Being born in 1962 means a 50th birthday looms on the horizon. Not that it keeps him awake at night.

“I’m very happy with the way my life’s gone. I don’t see age as being a problem. I’m doing quite a lot of stuff. I’m still growing and I’m still working. Still a ‘student of the Earth’ and really enjoying my time here.”

Neil Morrissey is at Felixstowe’s Spa Pavilion on March 5 (01394 282126), Colchester’s Mercury Theatre on March 21 (01206 573948) and Lowestoft’s Marina Theatre on May 8 (01502 533200). He’s also in Cromer (March 4) and King’s Lynn (April 7).

A career afloat

WHAT a bow! Your first film and you’re part of a stellar cast that includes Mel Gibson, Anthony Hopkins, Laurence Olivier, Daniel Day-Lewis and Liam Neeson. That movie was The Bounty, the period was the early 1980s and Neil Morrissey was playing seaman Matthew Quintal. Was it daunting or thrilling to be in such esteemed company?

“All of the above. I didn’t do any scenes with Olivier, but I went to watch him work and he was an amazing human being. Anthony Hopkins was an absolute dreamboat – used to come and rehearse with you even if you only had two lines with him.

“Mel Gibson I got on really great with, and we ended up going out on my 21st birthday in Tahiti and having a rip-roaring time at the local Club Med!
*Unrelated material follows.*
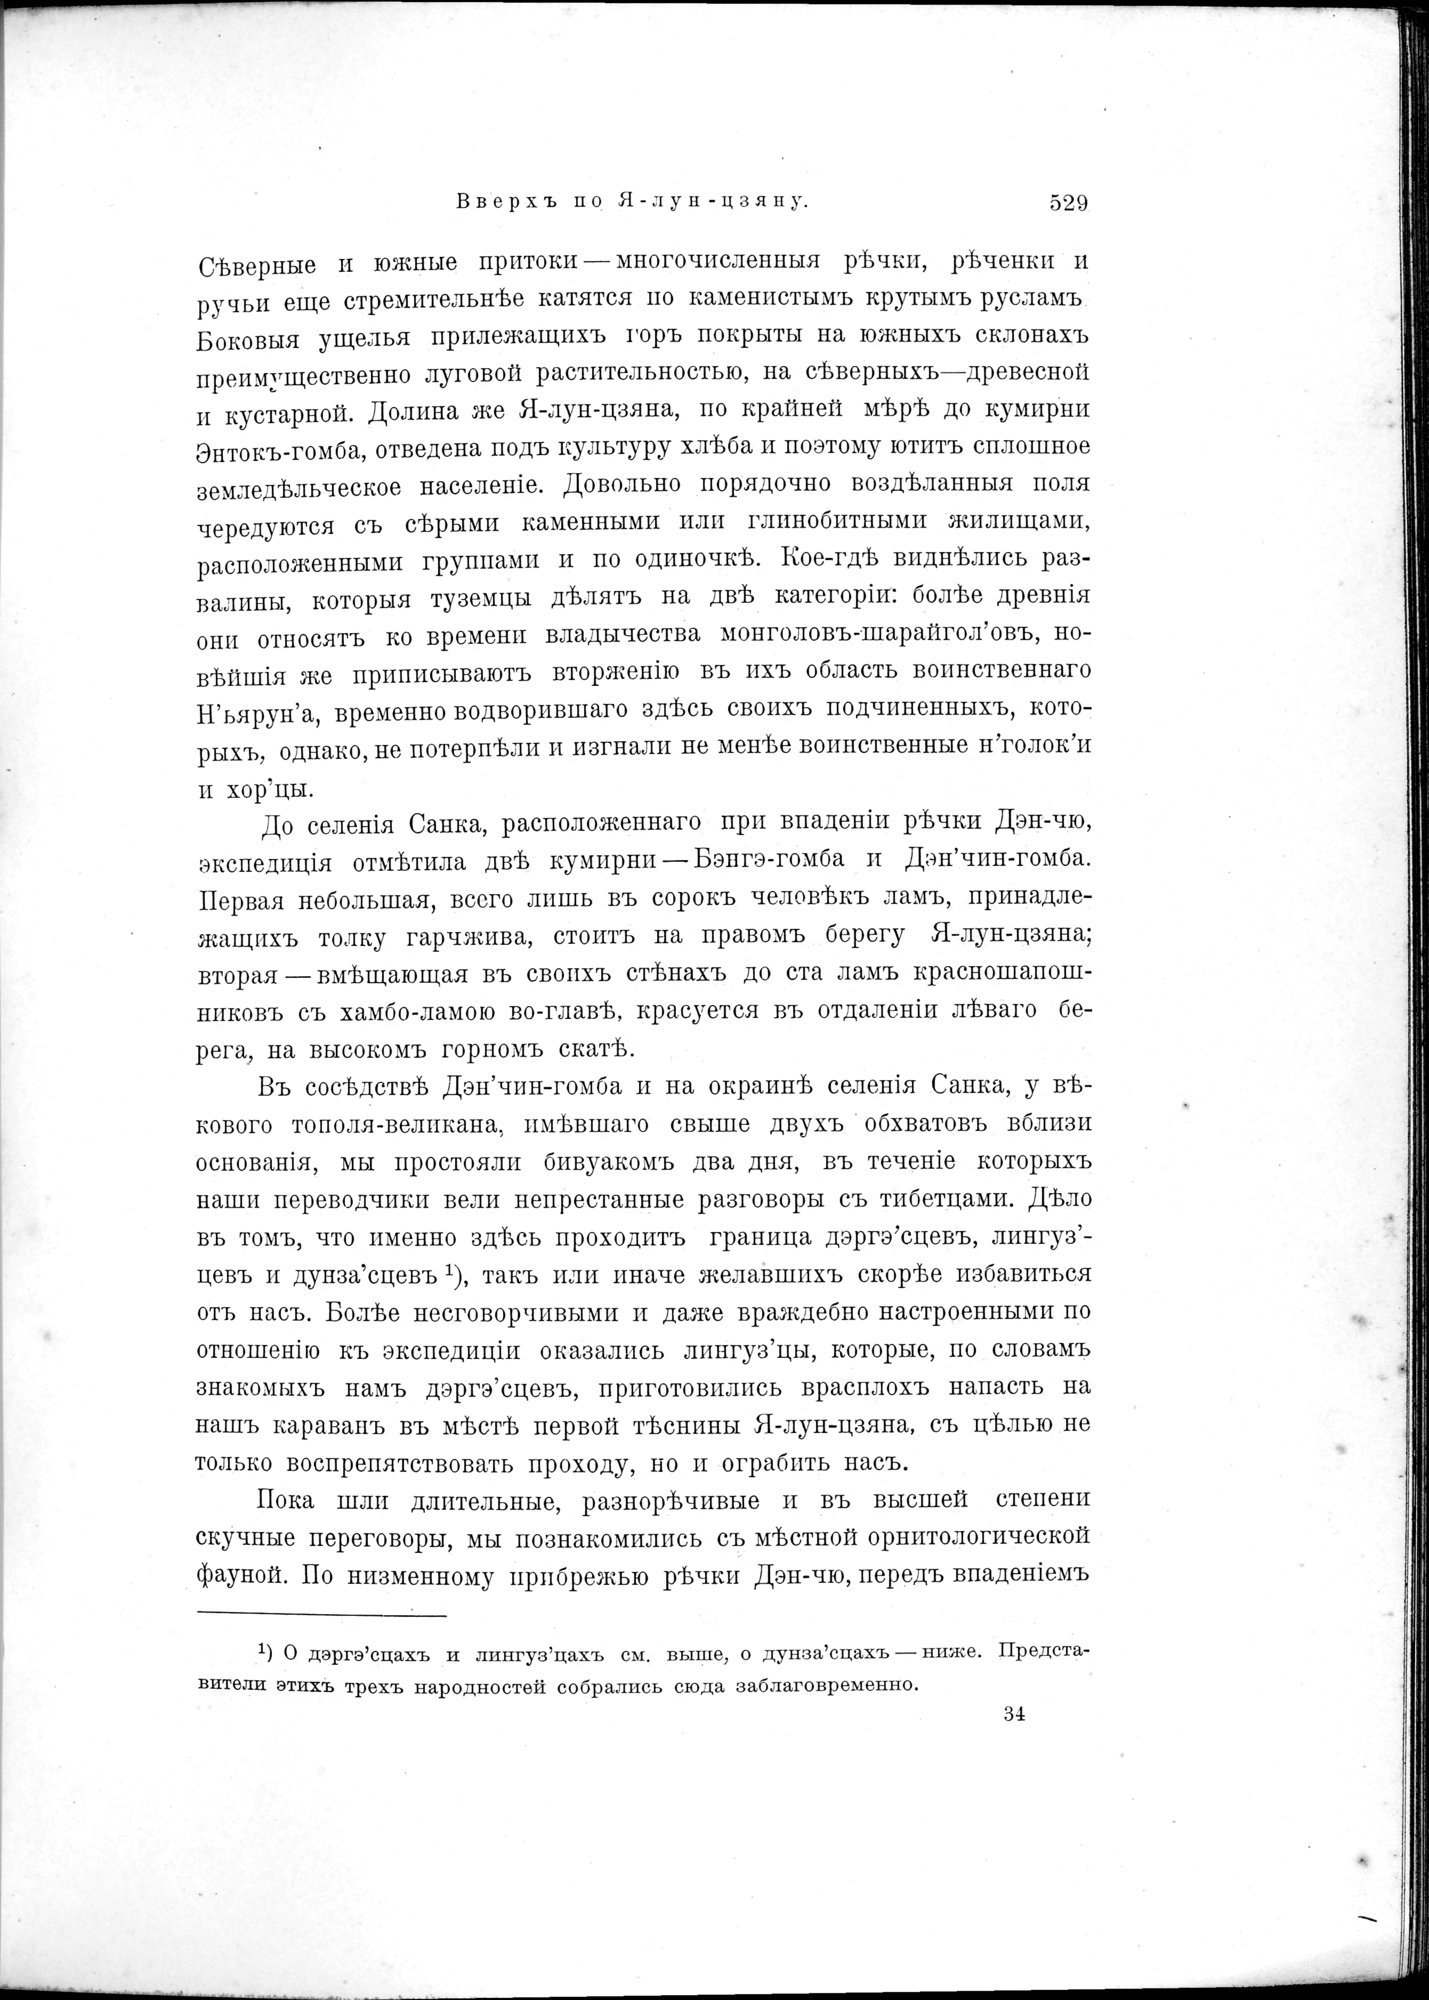 Mongoliia i Kam : vol.2 / Page 349 (Grayscale High Resolution Image)

I had to pinch myself that it actually happened.”

And, yes, they did get to the set on time the following morning!

Another odd experience was his cameo role in Neighbours four years ago – where he played a vicar who remarried the characters Karl and Susan . . . on a boat on the Thames!
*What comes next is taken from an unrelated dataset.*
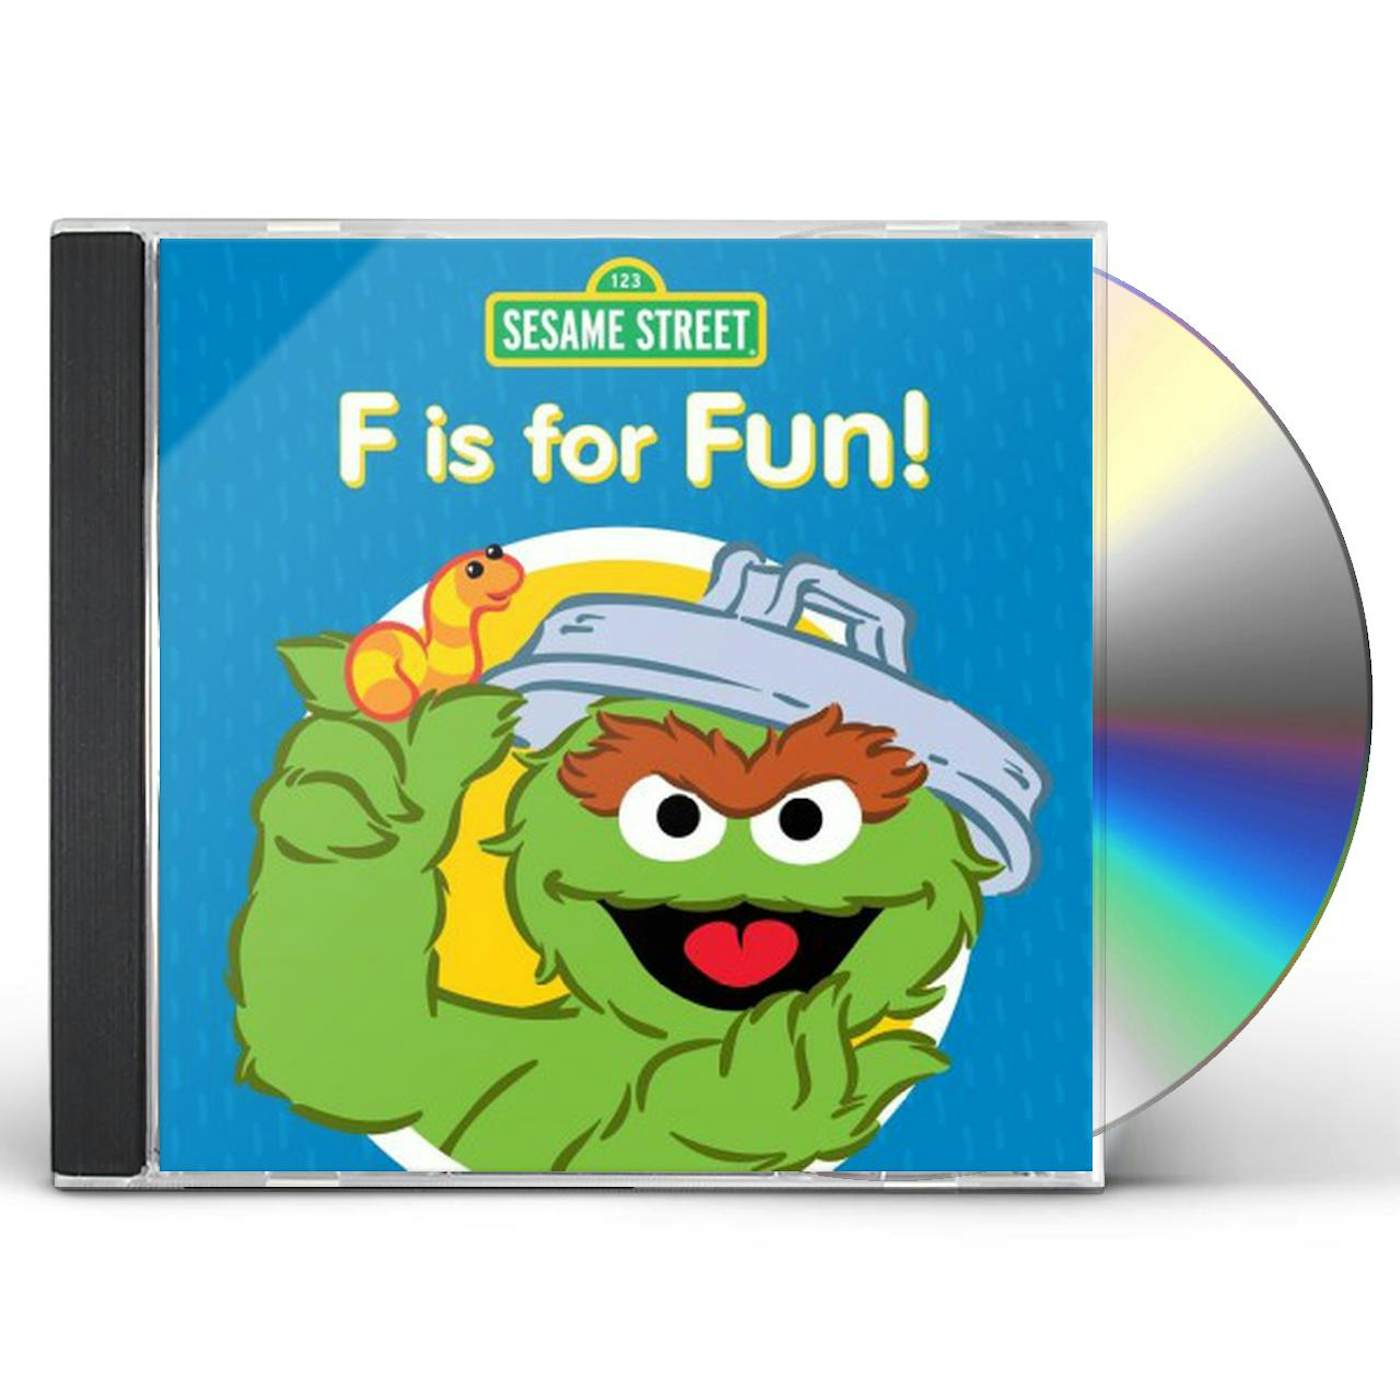 Sesame Street F IS FOR FUN CD

“That was a funny day.” He puts on an Australian accent. “‘Do you have your own vicar’s costume?’ Er, no mate. So they had to provide the whole costume for me.” Changing facilities were the onboard loos.

The short-notice wedding, prompted by doctor Karl proposing on the London Eye, grew even more strange when a couple of “tourists” were pressed into service as witnesses. The passers-by just happened to be singer Sinitta and comedian/broadcaster Jono Coleman.

And it got even odder . . .

“Then the character Izzy was giving birth on the deck! So how did Izzy get on the boat without the wedding party spotting her?” He puts on his best Aussie twang again. “‘Aw, this is Neighbours. We don’t ask, mate!’

“She gives birth on the boat, while Karl is getting married, and he’s the father of the child and he doesn’t even know!

“One of the most bizarre days of my life – and I thoroughly enjoyed it.

“I was going to do my best Derek Nimmo” – the actor who played a silly-ass clergyman in the 1960s sitcom All Gas and Gaiters – “but it was s-o-o-o cold on that boat. It looks like Karl and Susan are genuinely crying; they’re not – it’s wind-sore. It was freezing!”

Fever pitch

NEIL Morrissey’s a big football fan – a supporter of south London’s Crystal Palace. The Eagles are flirting with the relegation zone, but the actor is confident of survival. Ish.

“Dougie Freedman’s taken over (as manager); we held Watford to a draw away the other day, which is really good.

“I liked George Burley (the former Ipswich legend recently deposed as Palace’s leader) and his style of football, but it wasn’t wining games. We’ve got a slightly more direct approach and it seems to be succeeding.”

The Eagles are at Portman Road on April 9 for what could be a significant clash.

“Oh my god. Every game I’m in trepidation of! We’ve got a very young squad. We’ve got stamina problems. We’ve got size problems. A team like Leicester can pretty much beat us up. We need a bit more power and a bit more confidence.

“When we play well, we look like Brazil; when we play badly, we look like the boys’ school down the road!”